I felt something similar the first time I went to Ireland. My grandmother was Irish, her people from County Kerry and the Midlands, and I had been drawn to that country even as a child. I remember poring over the Time-Life history of Ireland, which I got for Christmas when I was 10, and I remember flying into Shannon in 1989, looking down at all those patches of green and feeling a great contentment roll over me, as though broken parts were now fitted back together.

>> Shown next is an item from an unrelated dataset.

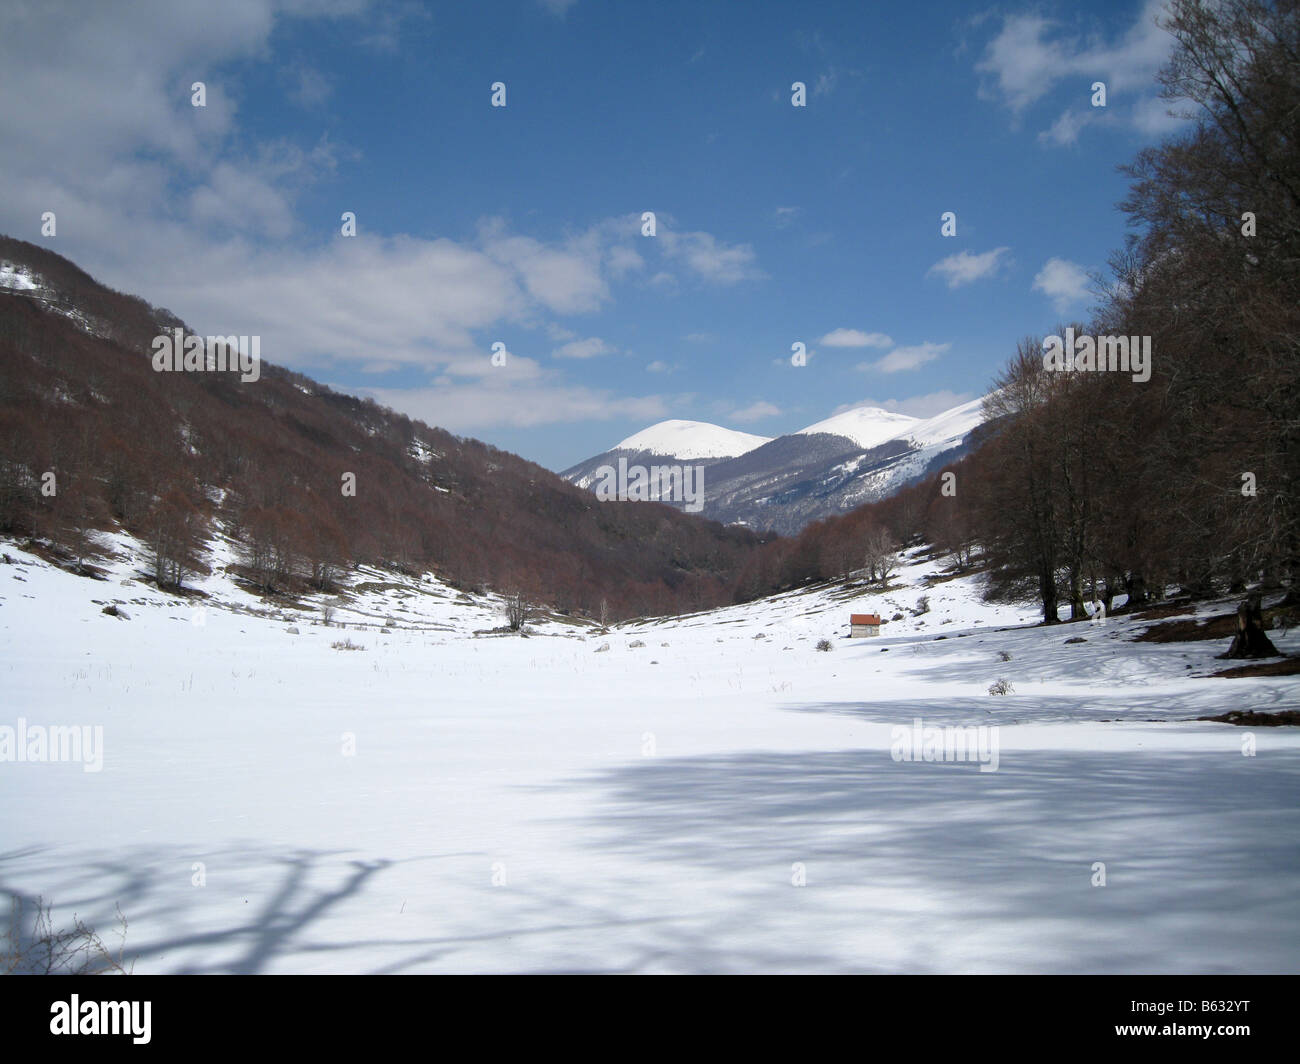 'Valle fredda' valley, BPR, Abruzzo, Italie Banque D'Images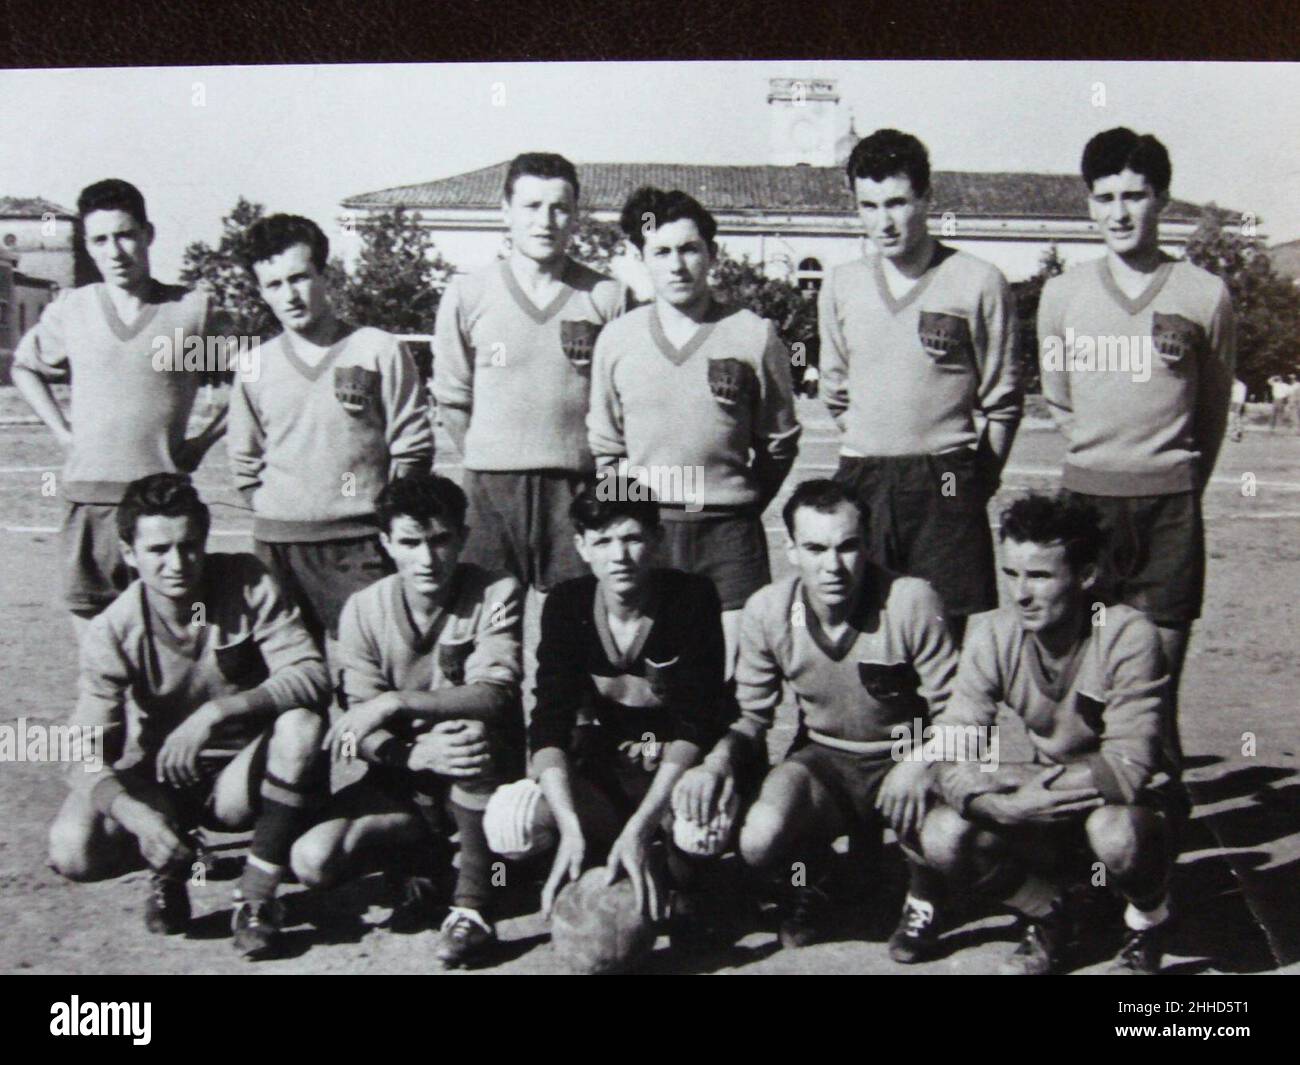 Squadra Di Calcio High Resolution Stock Photography and Images - Alamy

I had expected to feel something similar in Kentucky. I had wanted to feel something similar in Louisville, this place I had bragged about and claimed. But I didn't. I liked it there; we had a great time; we ate good food and hiked at Bernheim Forest (which did not resonate), we poked around in museums and went to a Louisville Bats minor league baseball game and stood above the slow-moving Ohio River and looked across at Indiana. And, best of all, we spent time with friends.

But it was not my home. It was just a way-station in my life, the place where my mother happened to be pregnant, and where I happened to come kicking and screaming into the world precisely one month early, took my first breath, my first steps, and then — with the rest of the Hertzels — moved on.